Background Prescribing postnatal corticosteroids (PCS) for ventilator dependent preterm infant remains controversial. PCS improve short term lung function but may increase the risk of disability in later life. The DART study1 was designed to address this risk using a 10-day tapering protocol with a total dose of dexamethasone of 0.89 mg/kg. We aimed to audit practice and calculate the total dose of PCS at a single centre using the DART protocol.
Method Over a four year period patients were identified from an electronic database and hospital charts reviewed. Infants receiving peri-extubation steroids were excluded.
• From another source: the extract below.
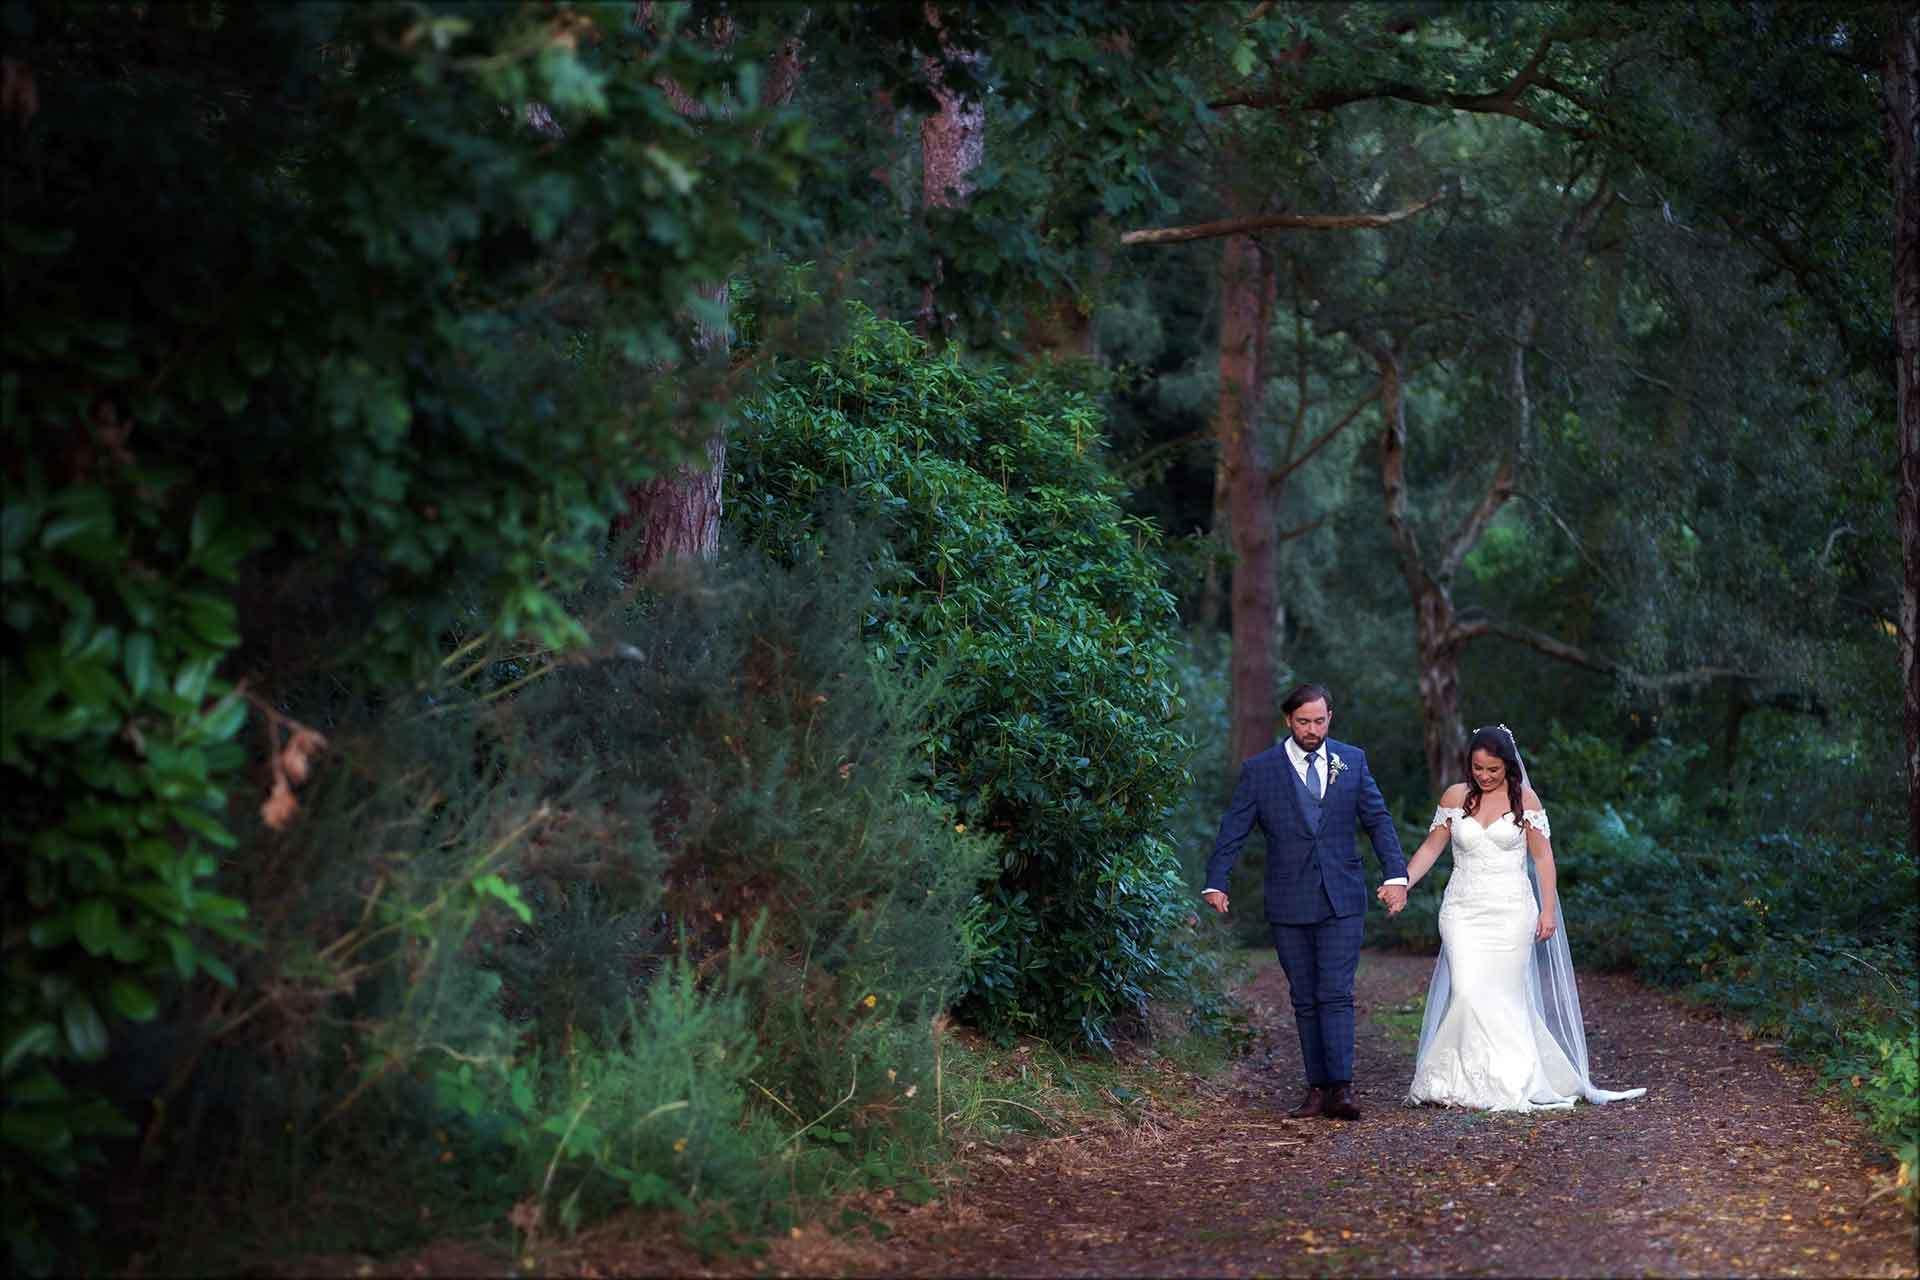 Bride and groom walking through woodlands

Results Forty six infants with mean (SD) gestational age 25.0 (1.3) weeks, birth weight 685 (192) g received PCS as per DART protocol at a median (range) age of 25(6–197) days. Ventilatory support at the start of treatment: 6 infants on CPAP, 24 conventional and 16 high frequency ventilation. Mean FiO2 prior to PCS was 0.55 (0.22) with mean airway pressure of 10.9 (2.7) falling to 9.1 (2.3) cm H2O after three days. Median duration of therapy was 20 (3–86)days, with a total dexamethasone dose of 1.44 (0.375–9.1) mg/kg. Glycosuria was common (67%), one infant developed NEC and there were seven deaths with a 93% rate of either death or BPD (oxygen dependency at 36 weeks).
Conclusions PCS prescribed beyond three weeks has minimal impact on reducing BPD despite the total dose of PCS often exceeding those used in published studies. Long term follow up of these patients is recommended.